Enhancing Information Retrieval and Workflow Efficiency

Currently, the pilot programme involves 33 clinicians – including doctors, nurses, physician assistants, and nurse practitioners – who are testing the software’s performance, identifying areas for improvement, and contributing to feature development.

The interface welcomes users with:
“Hi, 👋 I’m ChatEHR! Here to help you securely chat with the patient’s medical record.”

Clinicians can then type natural-language queries such as:

  • Does this person have any allergies?
  • What were the results of their most recent cholesterol test?
  • Have they undergone a colonoscopy? If so, were the findings normal?

“Making the electronic medical record more user friendly means physicians can spend less time scouring every nook and cranny of it for the information they need,” noted Dr Sneha Jain, Clinical Assistant Professor of Medicine and an early adopter of the tool.

“ChatEHR can help them get that information up front so they can spend time on what matters – talking to patients and figuring out what’s going on.”

Supporting Emergency and Transfer Care

The tool also has potential to ease the burden of clinical information gathering in emergency and transfer cases.

“It’s not just the chest pain they’re having in that moment that matters – it’s their whole story, what led up to this moment,” said Dr Jonathan Chen, MD, PhD, a hospital physician and Assistant Professor of Medicine and of Biomedical Data Sciences.

“All their prior history is relevant. What medications were they on, what side effects did they have, what surgeries took place and how did that affect them? It’s a ton of work to go back and find all of that information during a time-sensitive case, so speeding up that process would be a big help.”

In transfer cases, patients often arrive with vast documentation – sometimes hundreds of pages long. ChatEHR offers a rapid summarisation feature to distil these into concise, relevant overviews. Importantly, users can also ask follow-up questions for greater context.

Moving Beyond Queries: Automating Evaluative Tasks

The development team is expanding ChatEHR’s functionality to include “automations” – algorithmically-driven evaluations based on a patient’s clinical record.

For example, one automation helps determine whether a patient is eligible for transfer to the Sequoia Hospital patient care unit, a Stanford Medicine-affiliated facility with additional room capacity.

“That automated evaluation saves us the administrative burden of sifting through patient information and helps us quickly determine if a patient can be transferred, opening access to care here at Stanford Hospital,” Dr Shah explained.

Other automations under development aim to assist with hospice eligibility assessments and post-surgical follow-up recommendations.
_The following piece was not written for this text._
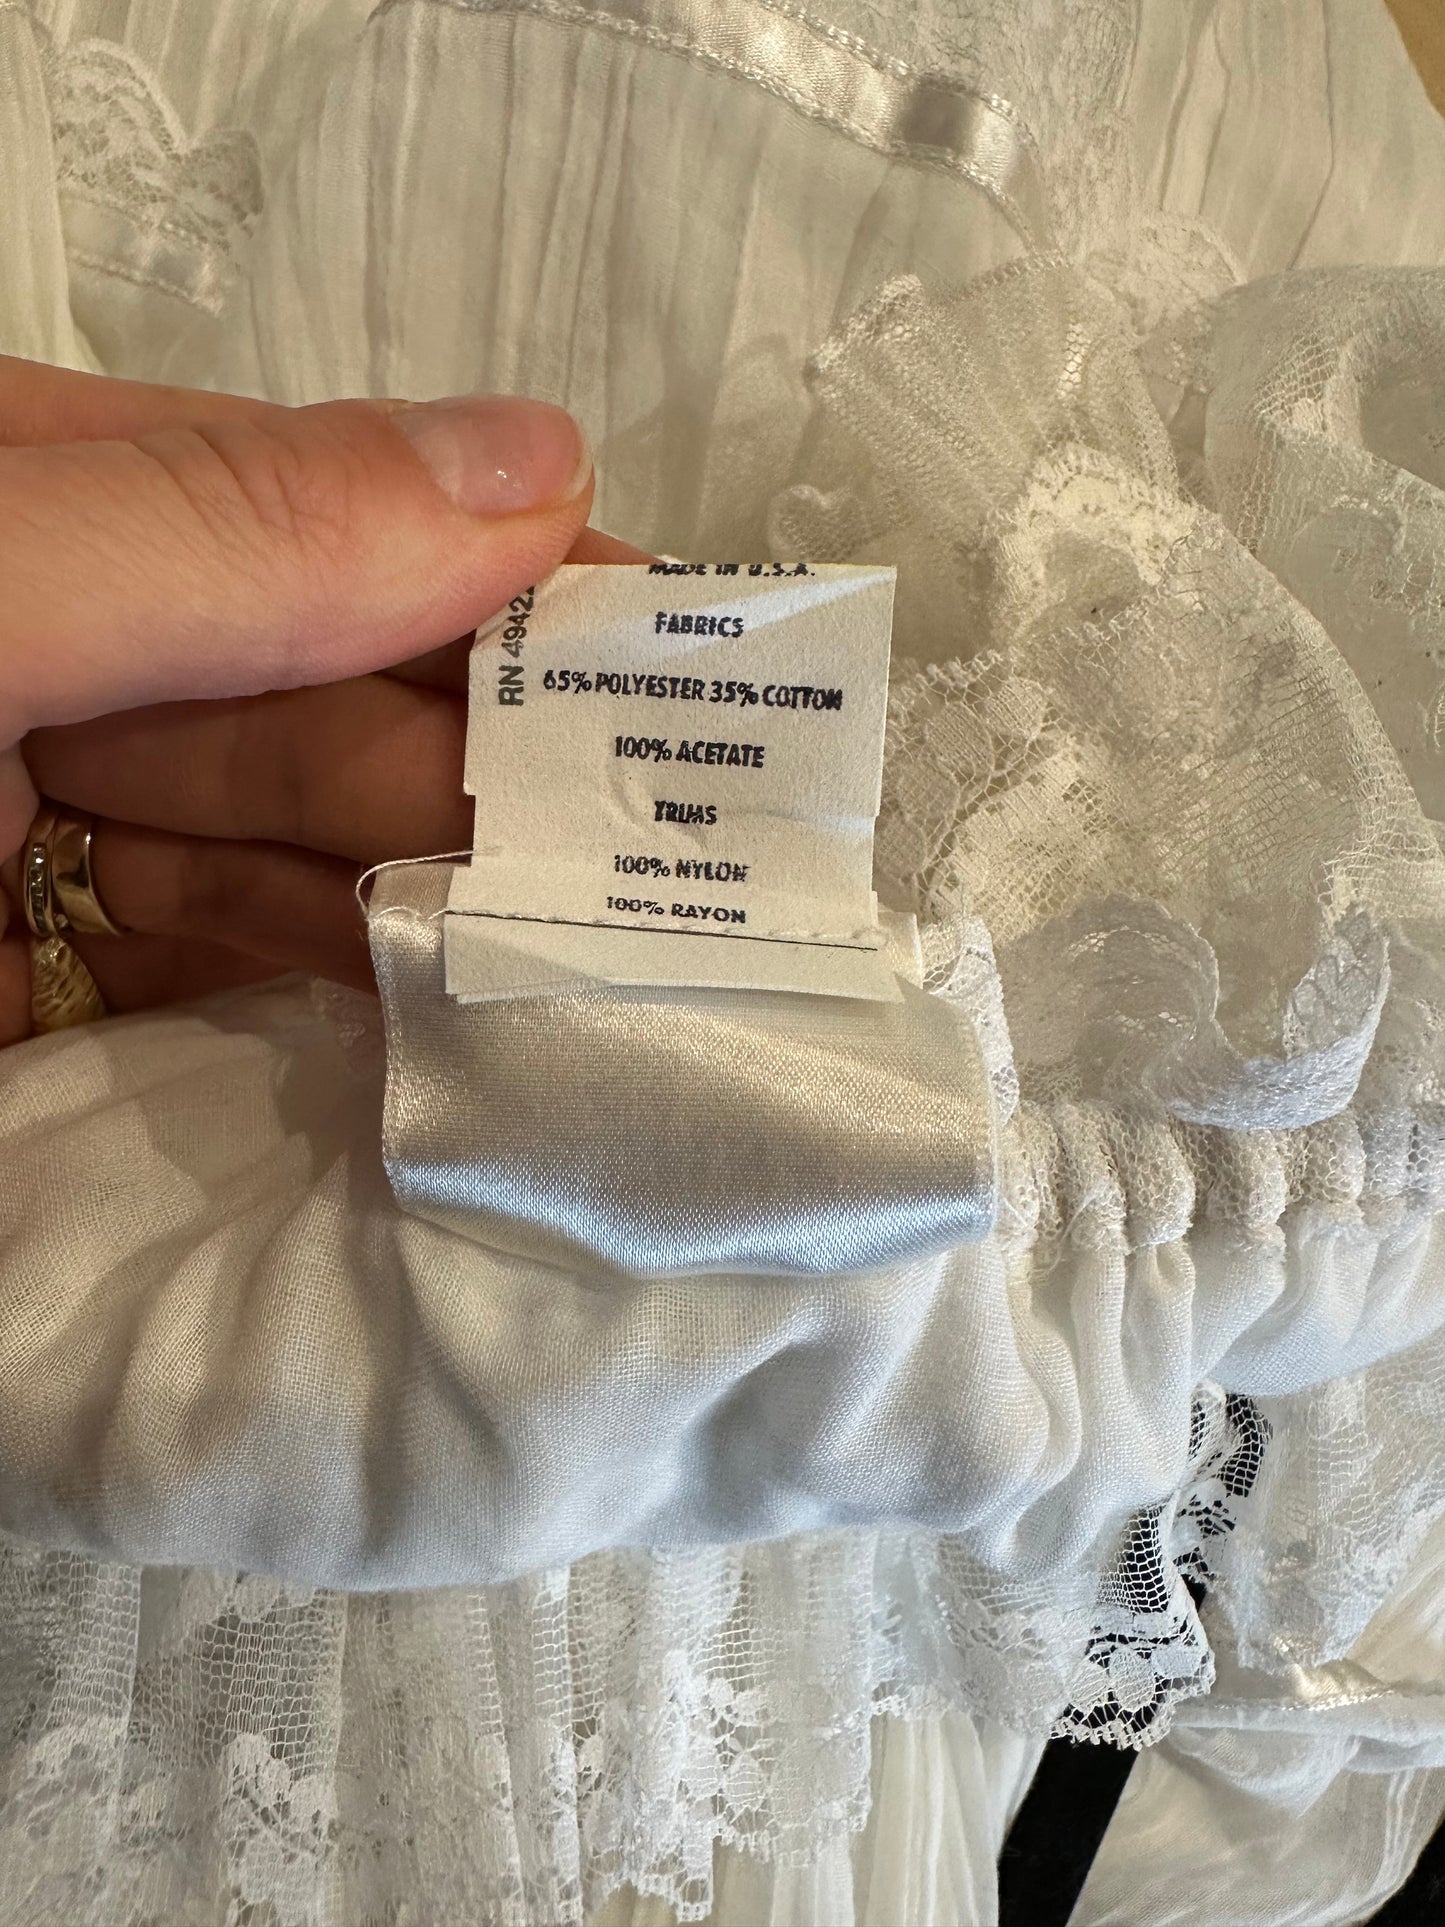 70s 'Gunne Sax' White Lace Tiered Dress / Medium

Evaluating and Expanding ChatEHR

Stanford researchers are using MedHELM, an open-source framework for real-world medical AI evaluation, to systematically assess the accuracy and effectiveness of ChatEHR. Among upcoming features are citation tools, which will allow clinicians to see exactly where within a patient’s record specific pieces of information originate.

“We’re rolling this out in accordance with our responsible AI guidelines,” said Dr Shah.
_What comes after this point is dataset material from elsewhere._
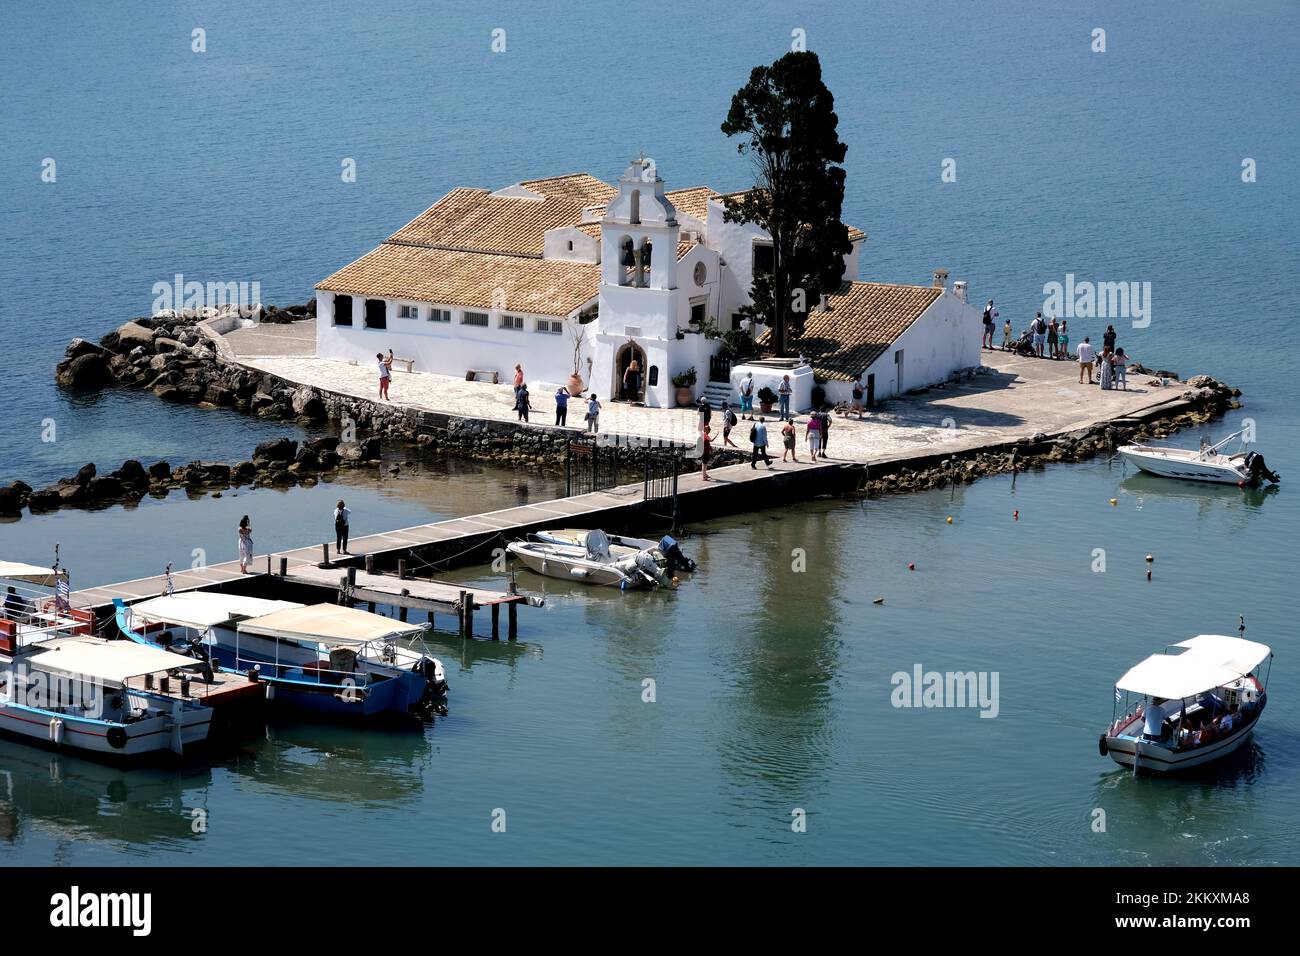 The Monastery on Mouse Island in Corfu Greece Stock Photo

“Not only ensuring accuracy and performance, but making sure we have the educational resources and technical support available to make ChatEHR usable and useful to our workforce.”
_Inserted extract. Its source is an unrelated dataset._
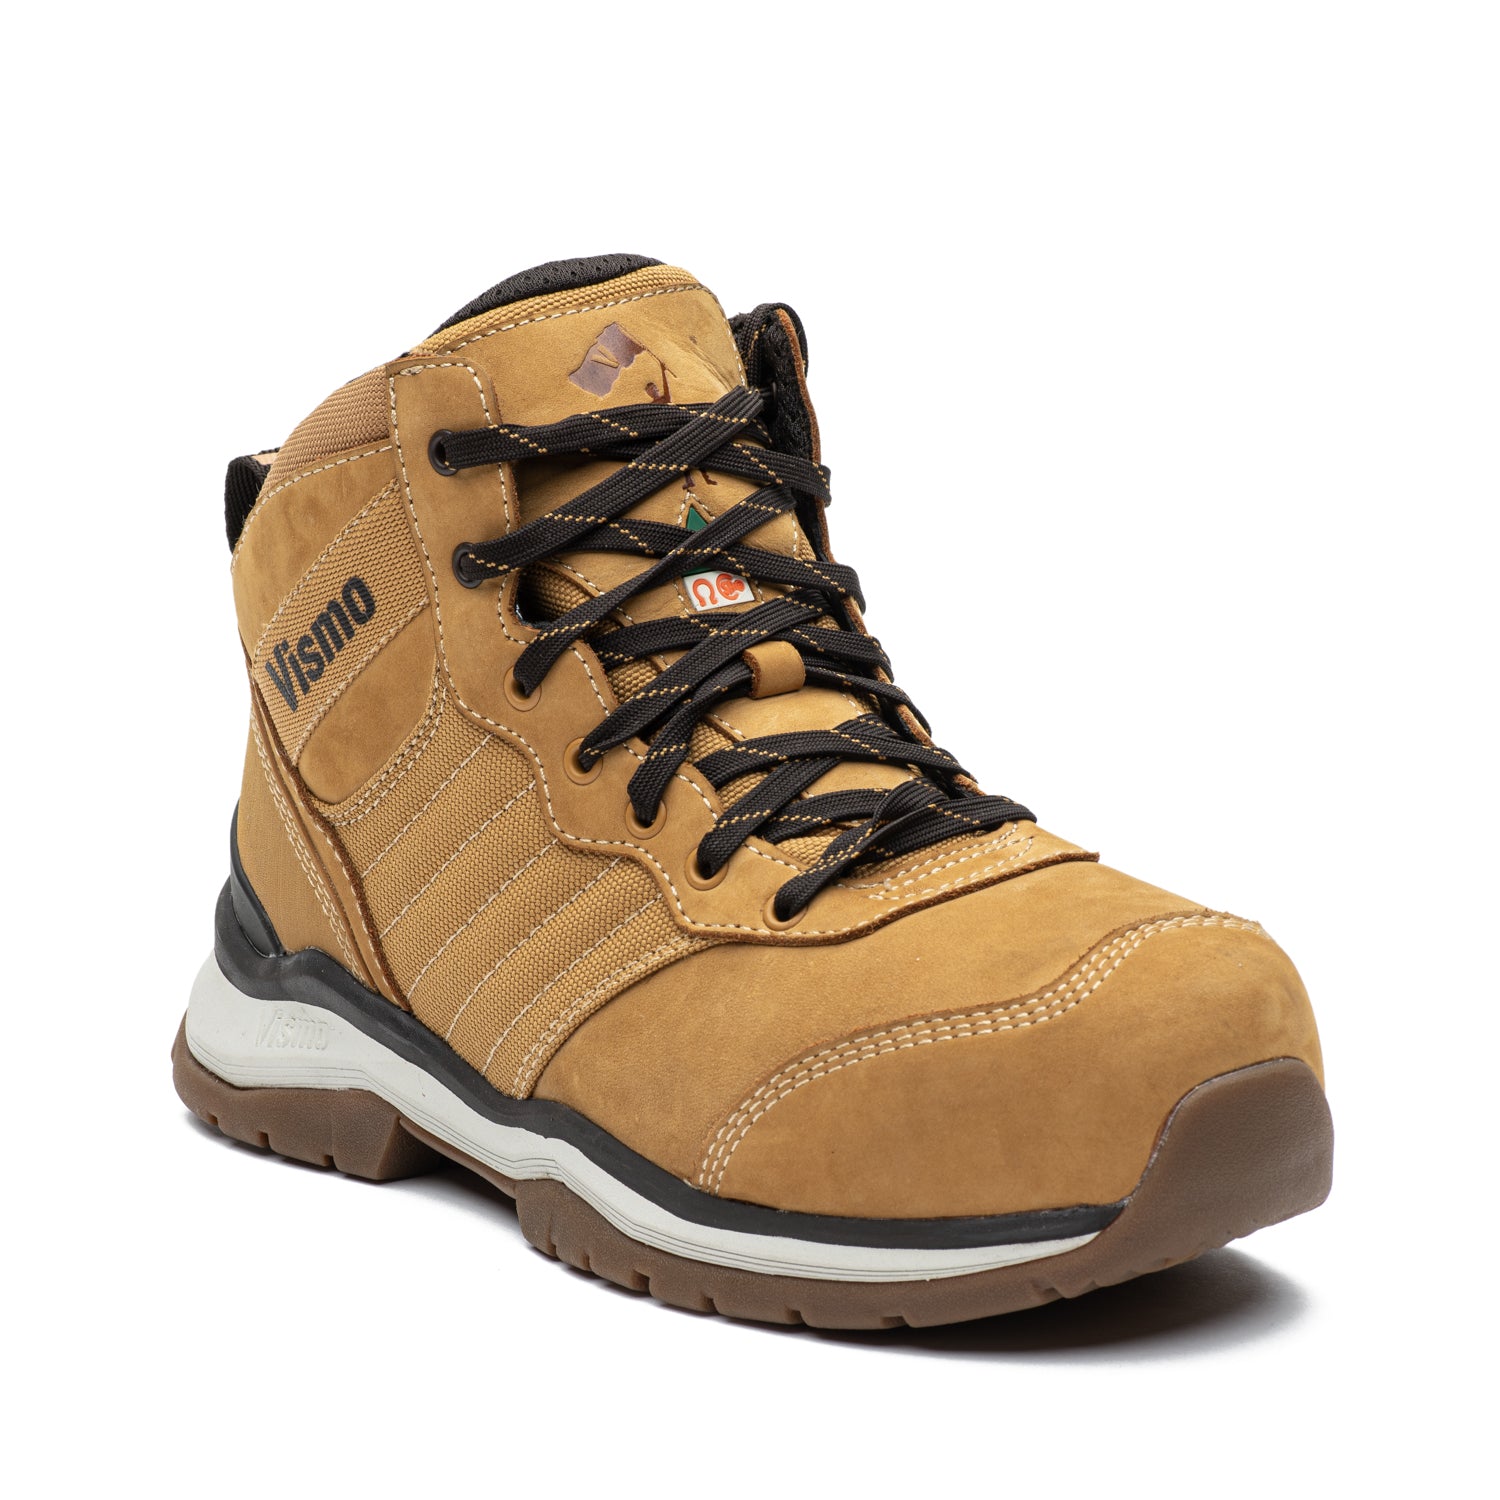 NRG55 Men's Hiker Aluminum Toe Work Boots W12

The eventual goal is to make ChatEHR available to all clinicians at Stanford who interact with patient charts, improving the speed, clarity, and usability of electronic medical records across the board.

The development of ChatEHR has been supported by Stanford’s Department of Medicine and the Center for Biomedical Informatics Research, reflecting a broader institutional commitment to integrating trustworthy AI into frontline care.